EXCERPTS:
"Henry Morgenthau, Secretary of the Treasury under President Franklin D. Roosevelt, said confidentially to fellow Democrats in 1939: "We have tried spending money. We are spending more than we have ever spent before and it does not work."
As for the Federal Reserve today, a headline in the Wall Street Journal of April 25th said, "Fed Searches for Next Step."
That is a big part of the problem. It is not politically possible for either the Federal Reserve or the Obama administration to leave the economy alone and let it recover on its own.
Both are under pressure to "do something." If one thing doesn't work, then they have to try something else. And if that doesn't work, they have to come up with yet another gimmick.
All this constant experimentation by the government makes it more risky for investors to invest or employers to employ, when neither of them knows when the government's rules of the game are going to change again.
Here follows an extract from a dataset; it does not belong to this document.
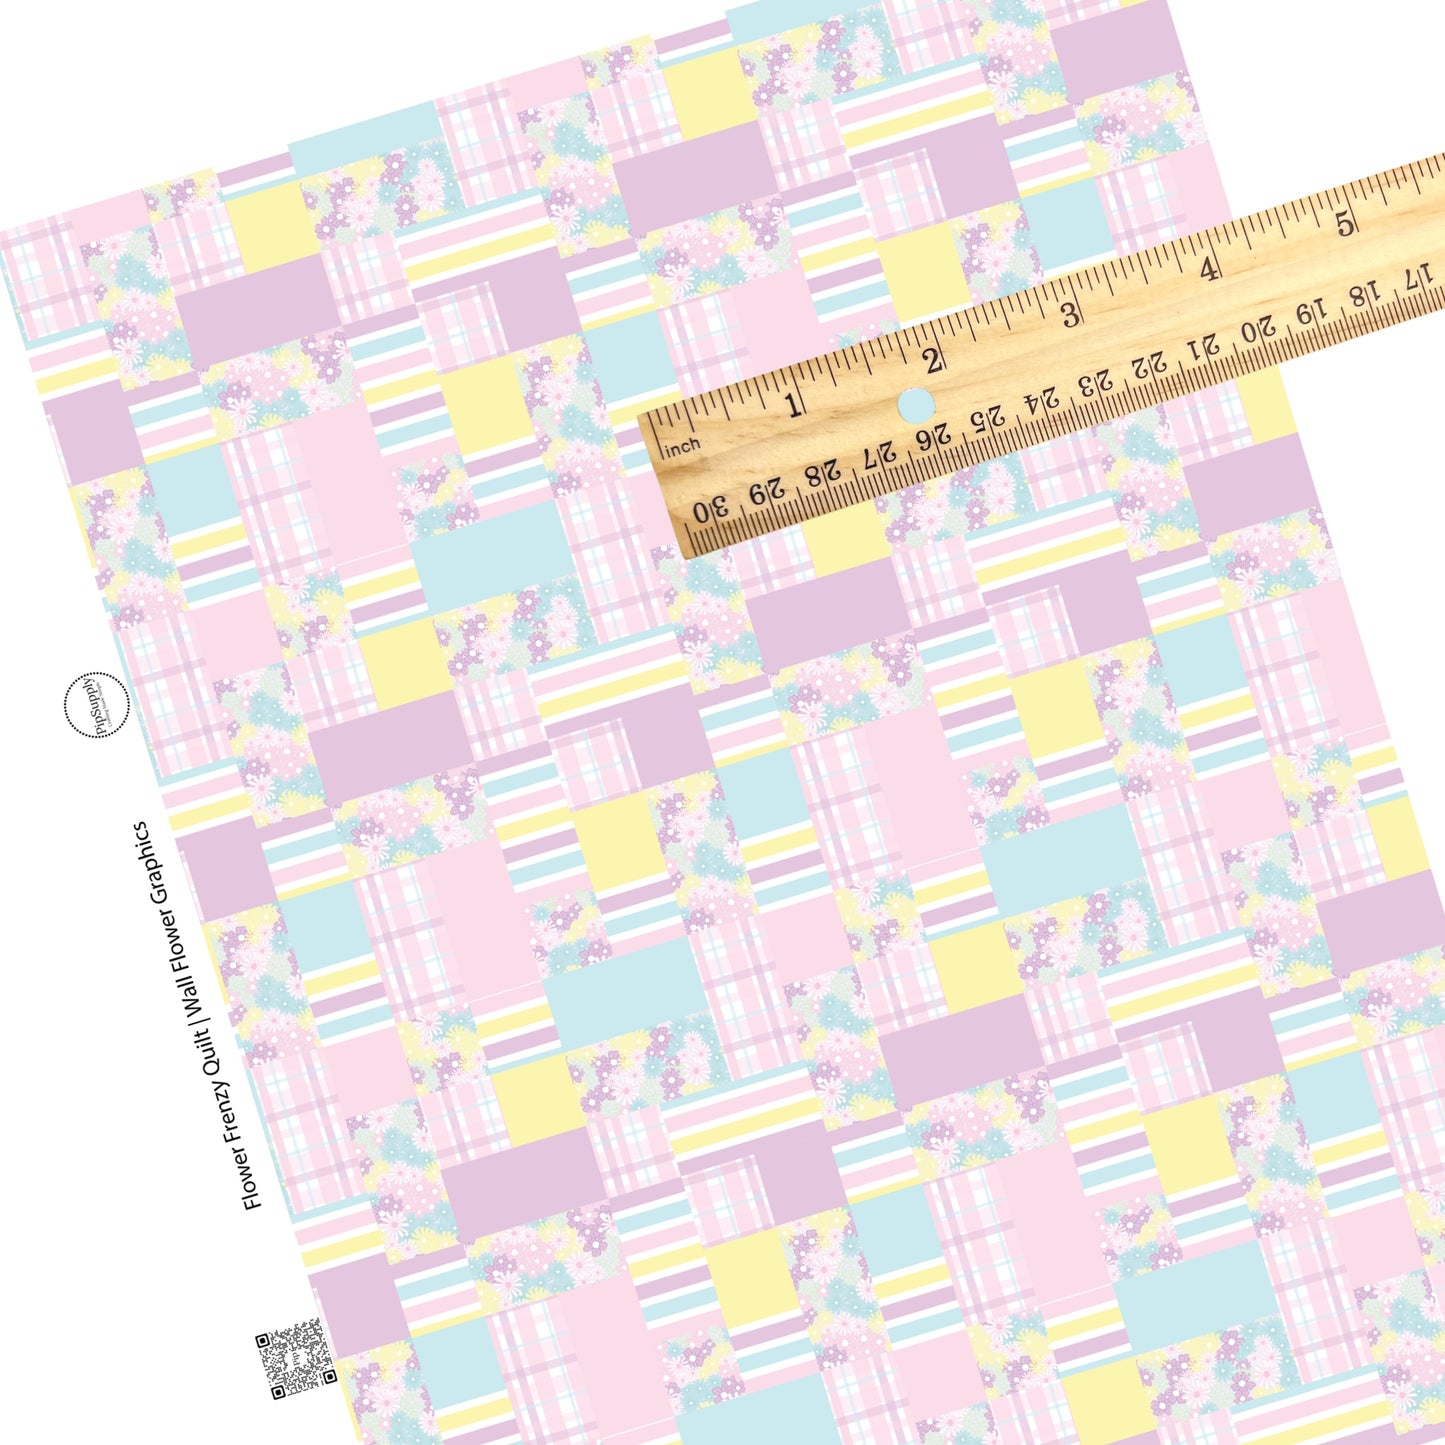 These spring quilt pattern themed faux leather sheets contain the following design elements: quilt pattern with stripes, plaids, flowers, and solid squares in pastel pink, purple, yellow, and blue. Our CPSIA compliant faux leather sheets or rolls can be used for all types of crafting projects.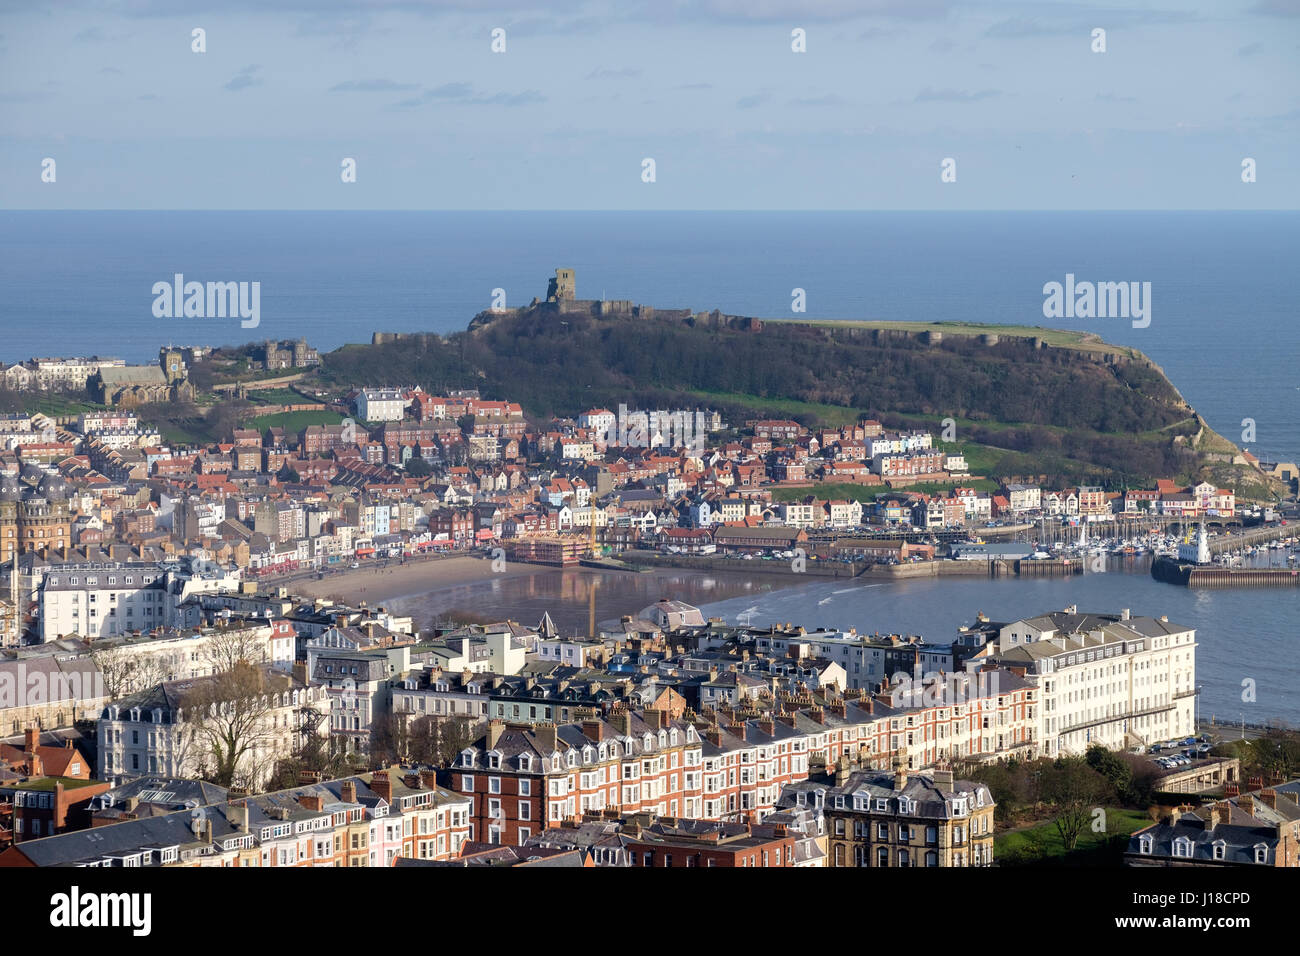 Scarborough is a resort town on England’s North Sea coast. Its 2 bays with sandy beaches are split by a headland bearing the 12th-century Scarborough  Stock Photo

Whatever the merits or demerits of particular government policies, the uncertainty that such ever- changing policies generate can paralyze an economy today, just as it did back in the days of FDR.
The idea that the federal government has to step in whenever there is a downturn in the economy is an economic dogma that ignores much of the history of the United States.
During the first hundred years of the United States, there was no Federal Reserve. During the first one hundred and fifty years, the federal government did not engage in massive intervention when the economy turned down.
No economic downturn in all those years ever lasted as long as the Great Depression of the 1930s, when both the Federal Reserve and the administrations of Hoover and of FDR intervened.
The myth that has come down to us says that the government had to intervene when there was mass unemployment in the 1930s. But the hard data show that there was no mass unemployment until after the federal government intervened. Yet, once having intervened, it was politically impossible to stop and let the economy recover on its own. That was the fundamental problem then-- and now.